Arriving from the thatched summer house which overlooks The Ovals Garden (currently being replanted) is The Bowling Green Terrace, so named for its original purpose. We have surviving letters from Sir Francis Drakes’ sister when she lived in the original vicarage here and consequently we like to think that Drake (who lived at the nearby Buckland Abbey – well worth a visit) may have had a practice for his game on Plymouth Hoe before he took on the Spanish Armada.
The Bowling Green Terrace today is home a number of Rhododendron hybrids, several of Fortescue’s raising, their parentage variously involving, R. ‘Hawk’, R. wardii and R. campylocarpum. There are also fine specimens of the scarlet ‘Tally-Ho’ and perfectly formed butter yellow R. ’Hotei’.
Two unusually-grown shrubs are also worth noting on the left – a Wisteria sinensis trained horizontally along a bed and growing down the wall of the tennis court terrace, and a fine specimen of Chamaecyparis obtusa ‘Nana Gracilis’, an example of careful pruning to enhance its aged appearance – like a large Bonsai.

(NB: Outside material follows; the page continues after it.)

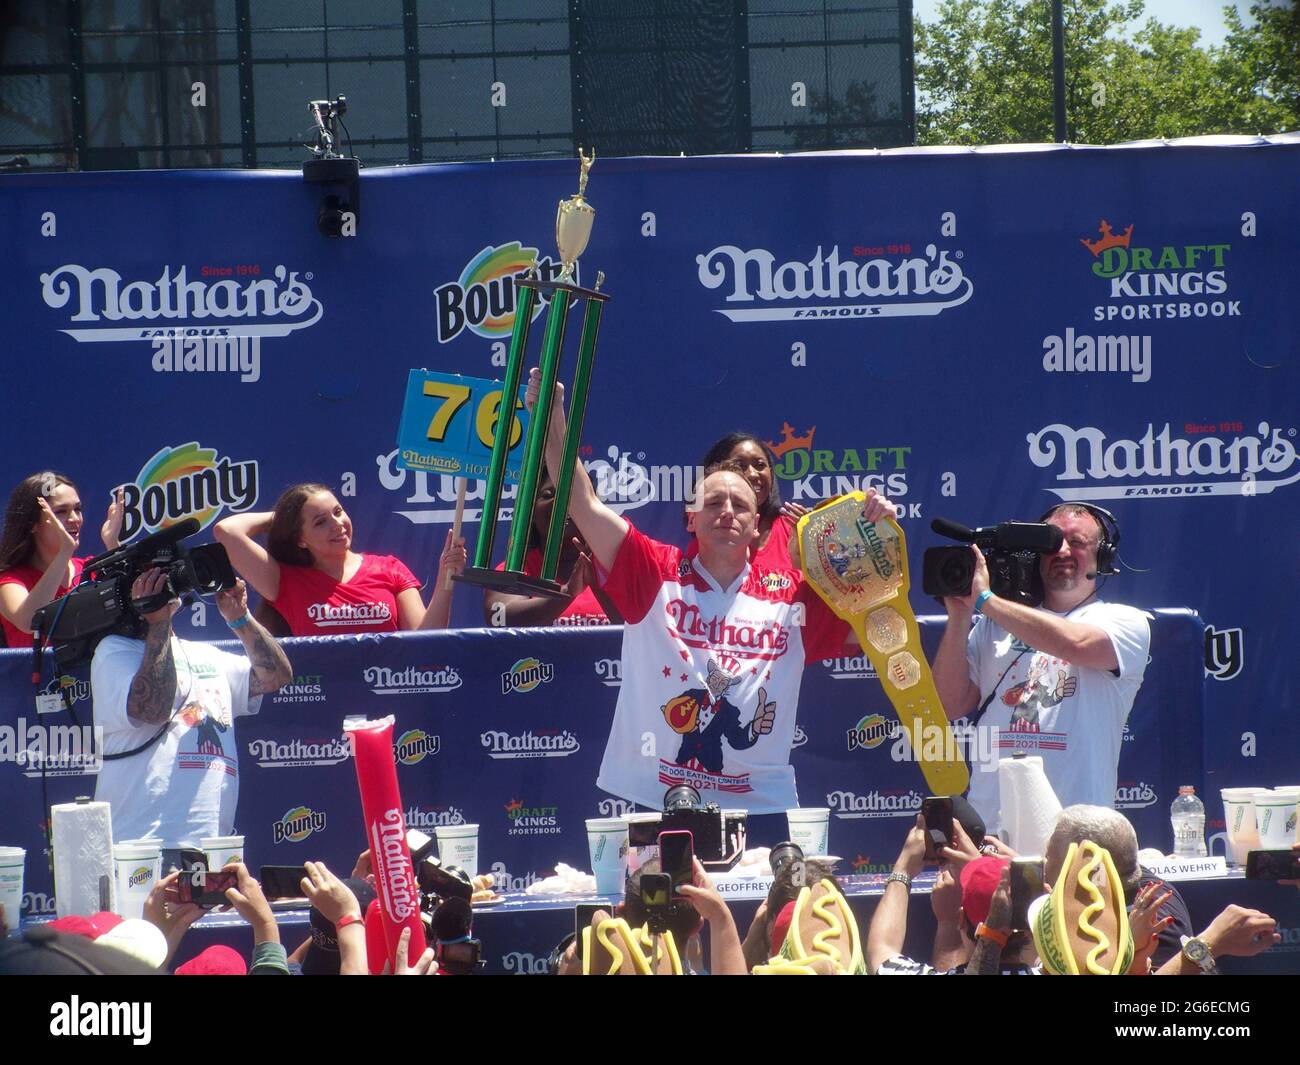 New York, New York, USA. 4th July, 2021. NATHAN'S FAMOUS FOURTH OF JULY HOT DOG-EATING CONTEST. AT CONEY ISLAND'S PARK.World champion Joey Chestnut defend his title against the world's top

At the far end are a number of the arrestingly blue R. augustinii, one of Fortescue’s great favourites and collected by him in its variable shades. Just as you leave the terrace climbing The Prospect to the right (known also as Tom’s Steps after Tom Hooper who worked in the garden for over 50 years), you pass a superb specimen of Fascicularia bicolor. This lovely, if rather spiny Chilean bromeliad features rosettes of evergreen foliage which turn vivid scarlet each Autumn surrounding a central cluster of the most dazzling turqiose flowers!